Because there’s no chart history. No established support or resistance. No volume-based levels. You’re flying blind.
That means no clean technical analysis and no prior price action to “build the case.”
Instead, you’re relying on hype, emotions, and crowd behavior. And that’s a tough game to play — especially if you’re still learning to manage risk.
Even veteran traders tread carefully around IPOs. They wait. They watch. They look for repeatable patterns after a few days of trading data are on the chart.
My Best Advice for IPO Trading
If you’re gonna trade IPOs like NMAX or CRWV, here’s how to do it with a real strategy, not just wishful thinking:
- Avoid Day 1. This is where most traders get bagged. Wait for the dust to settle.
- Let the chart form. Give it 3–5 days to establish support/resistance and confirm volume interest.

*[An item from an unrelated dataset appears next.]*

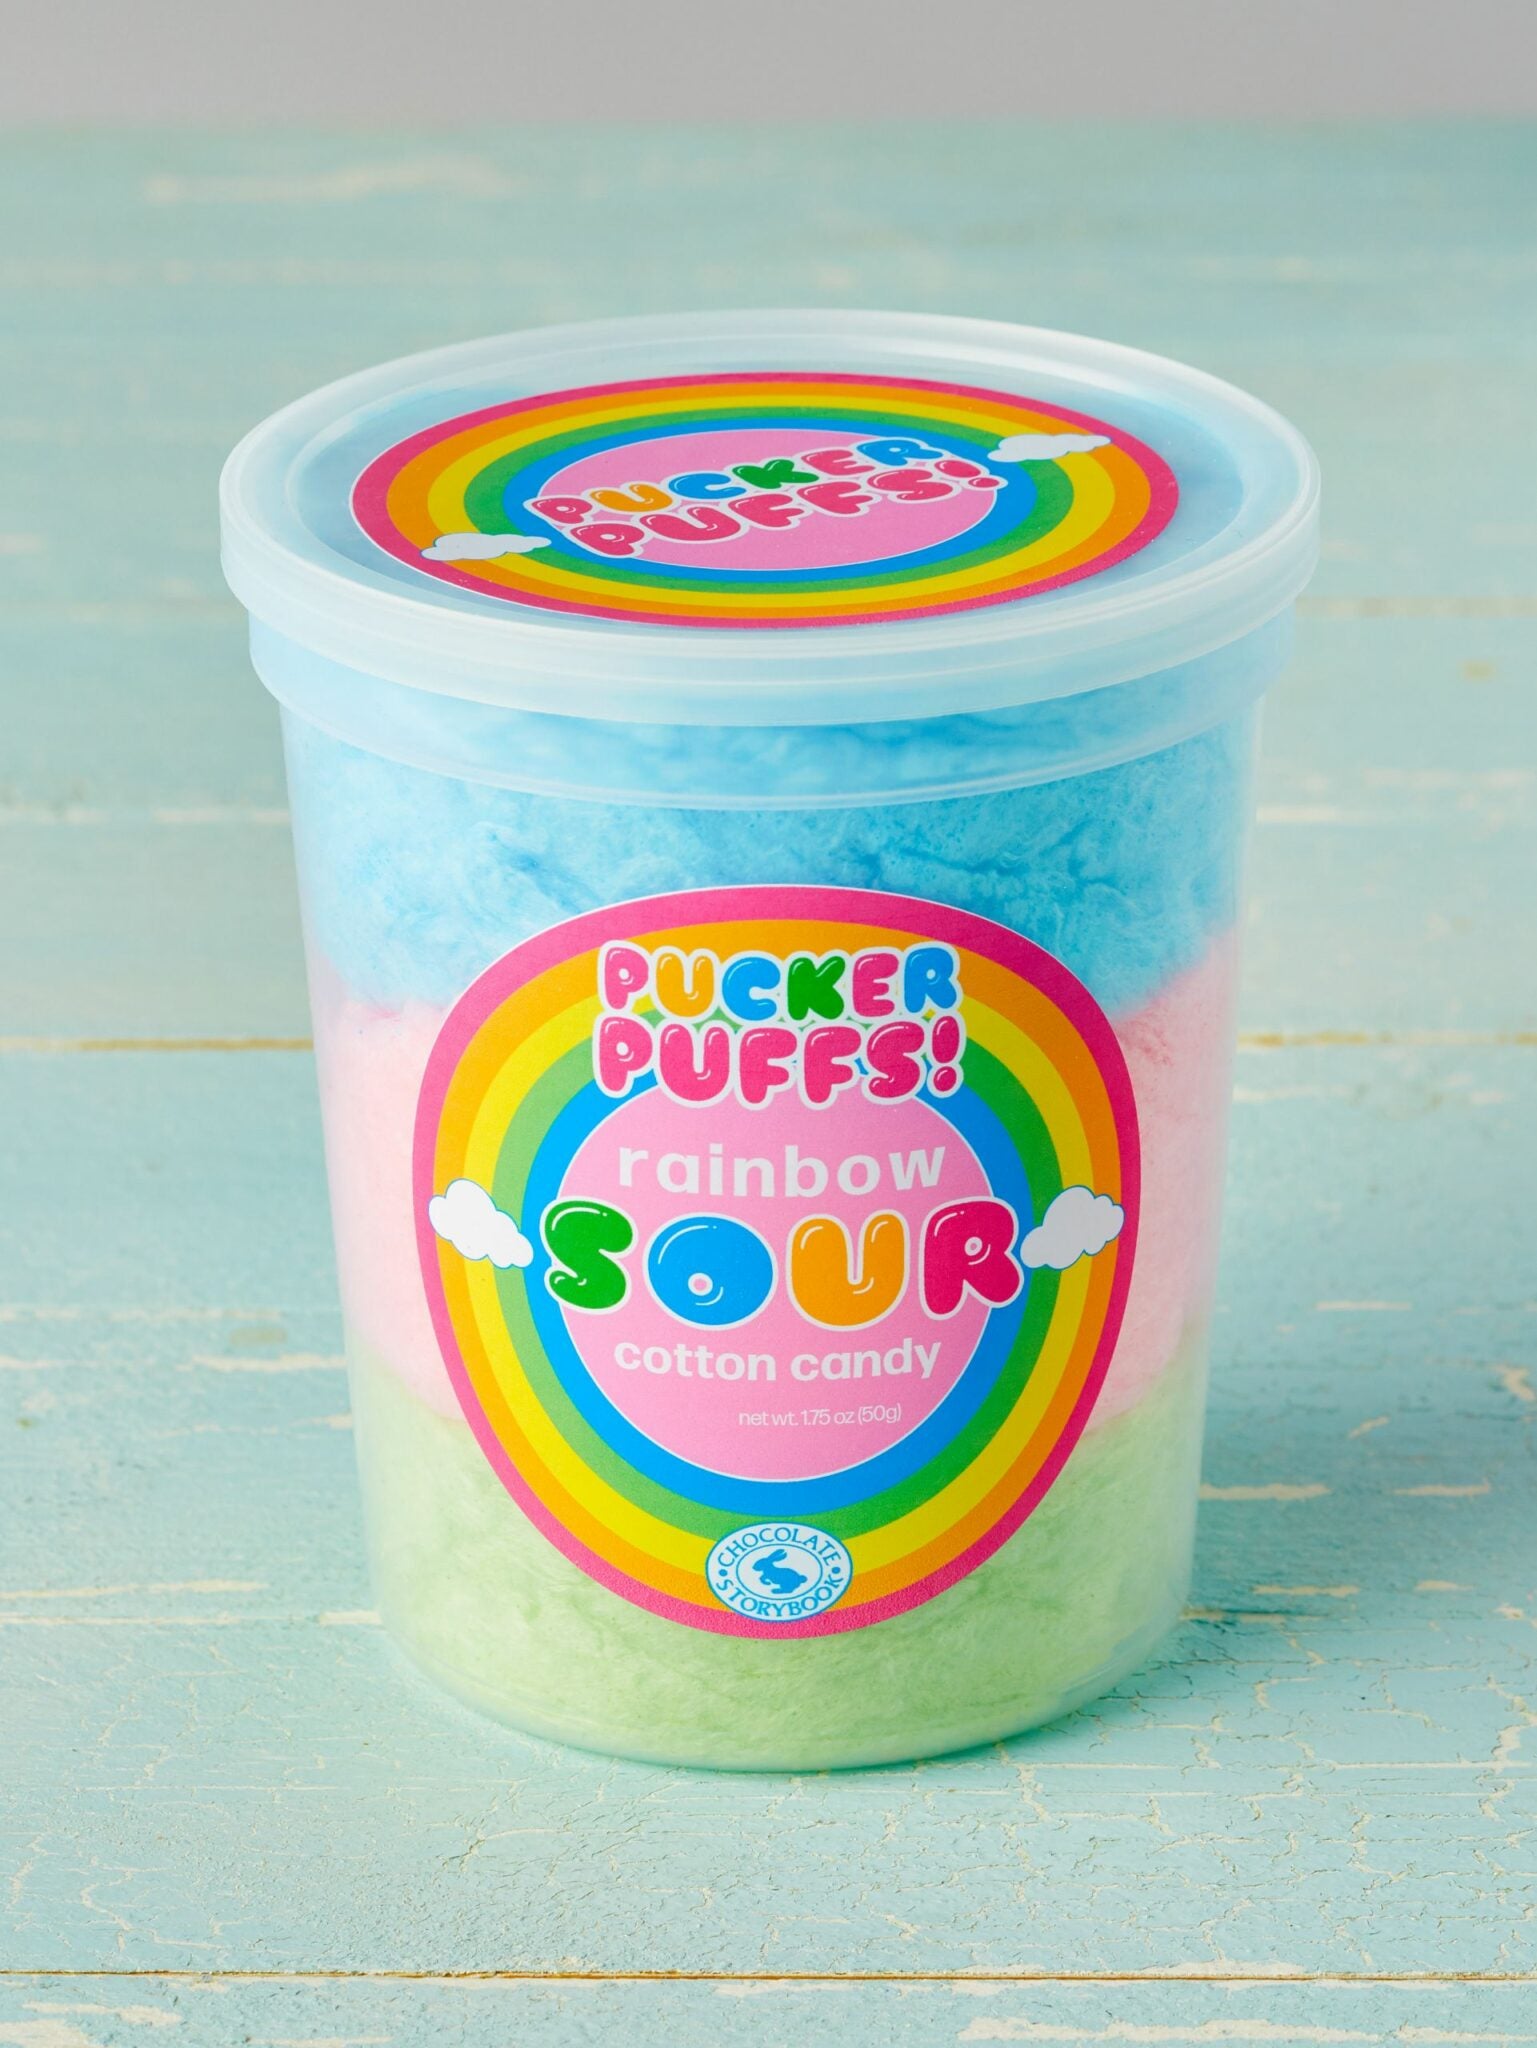 Puckers Puffs Sour Rainbow  - Cotton Candy

- Look for key breakouts. Breaks above the IPO price or Day 1 high can be strong — if backed by volume and a setup you know.
- Trade like a sniper. Small size. Tight risk. Clear goal. No holding and hoping.
- Cut losses quickly. It’s my #1 rule for a reason — IPOs can drop 30–50% in minutes.
- Don’t fall for FOMO. If you missed the move, let it go. Another setup will come.
Final Thoughts: Learn to Recognize the Game
NMAX and CRWV have been insane to watch — and yeah, maybe even fun to trade for the right kind of trader.
But for most people, they’re better off on your watchlist, not your portfolio.
When it comes to IPOs, hype is not a strategy. And unless you know how to manage risk in unpredictable environments, these “opportunities” can become expensive lessons.
So stay smart. Be patient. Study the charts. And never forget: the market rewards preparation — not gambling.